At the delivery end of the feed belts 174, 178, the reversing rollers 173, 177 are followed by suction segments 183, having rollers which press resiliently against these suction elements and which once again individualize the addressed blanks and transfer them by a suction cylinder 185 to the suction discs 44 of the station 6 of the machine.

The construction and method of operation of the second addressing station 138 are completely identical to the addressing station 218 described hereinabove so that it is possible to dispense with a separate description thereof. The principal parts thereof are provided with the same reference numerals and prime strokes, for example pairs of edge-perforated feed belts 174' and 178', type cylinder 180' and so on. Two suction cylinders 186, 187, are disposed between the suction segments 183' of the addressing station 318 and the suction cylinder 185, to supply the blanks to the suction cylinder 185, the blanks having been previously once again individualized by the suction segments 183', so that the suction cylinder 185 alternately takes over one blank from the addressing station 218 and one blank from the addressing station 318 for transfer to the suction discs 44.

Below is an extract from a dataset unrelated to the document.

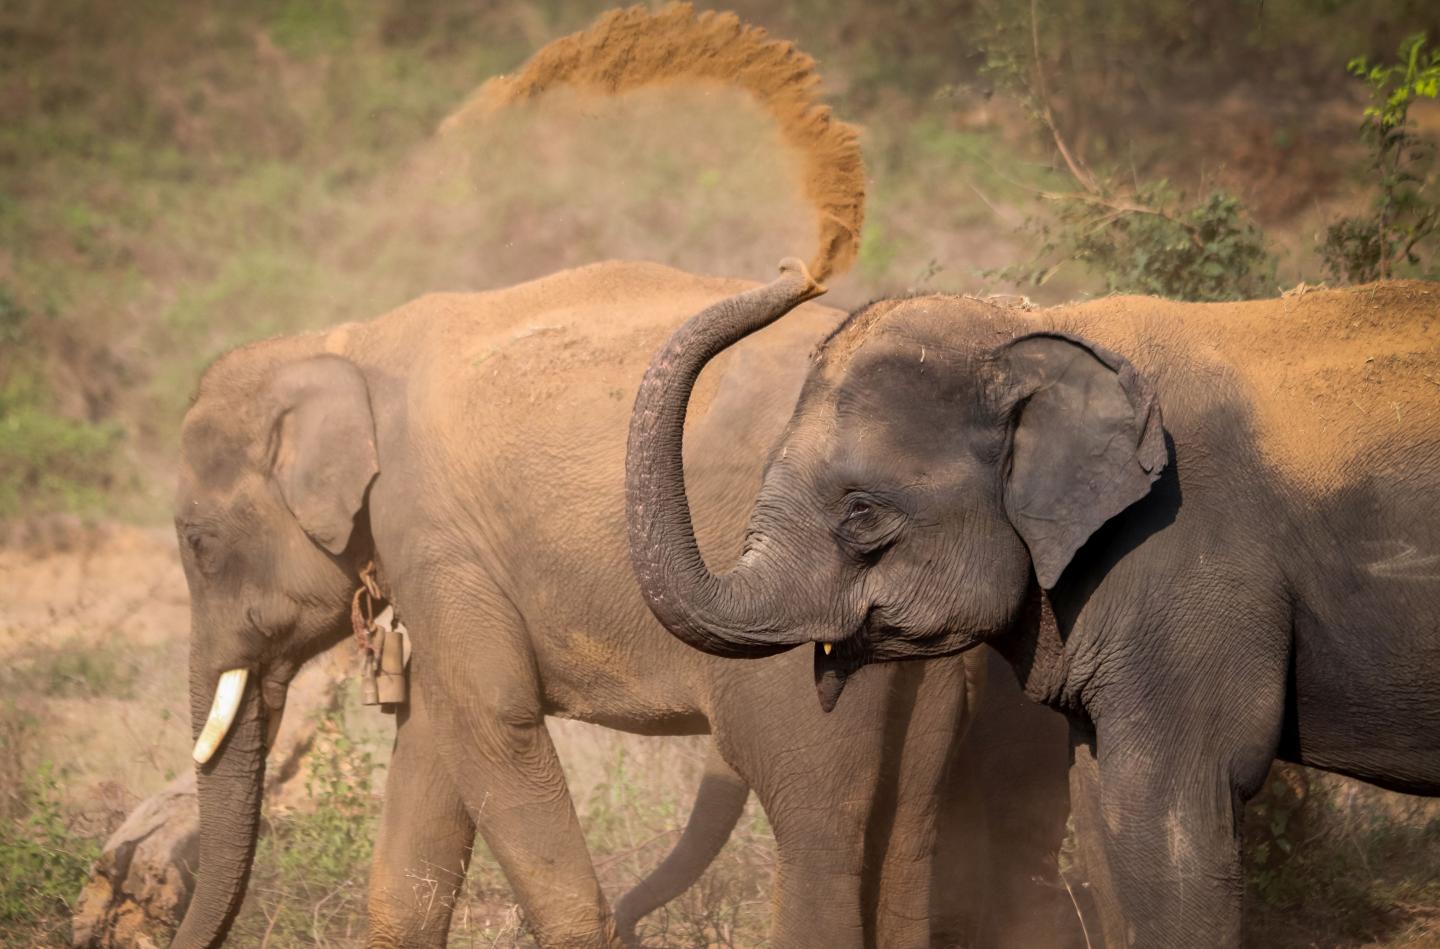 Are elephants male or female?

According to the present invention it is also possible for the addressing station 118 with typewriter mechanism (FIG. 7), disposed at the delivery end of the machine, to be duplicated as described for the addressing stations 218, 318.

Claims

I claim:

1. In a machine for producing envelopes from individual blanks, in combination, means supporting a stack of blanks, means folding said blanks, means removing said blanks individually from said stack and feeding them to said folding means, and a device located between said stack and said folding means for applying inserts to said blanks, said device comprising at least one support for a stack of inserts, rollers, at least one pivoting suction unit removing an insert individually from the last-mentioned stack and transmitting it to said rollers, a gumming unit, and feed belts removing an insert individually from said rollers, applying it to said gumming unit and then applying it to a separate blank moving upon the third-mentioned means toward said folding means.

2. A machine in accordance with claim 1, comprising a device for printing addresses upon blanks folded as envelopes, said device comprising a rotary cylinder moving said envelopes, a typewriting mechanism, means moving said envelopes from said rotary cylinder to said typewriting mechanism, means stacking the typewritten envelopes and means moving said envelopes from said typewriting mechanism to said stacking means.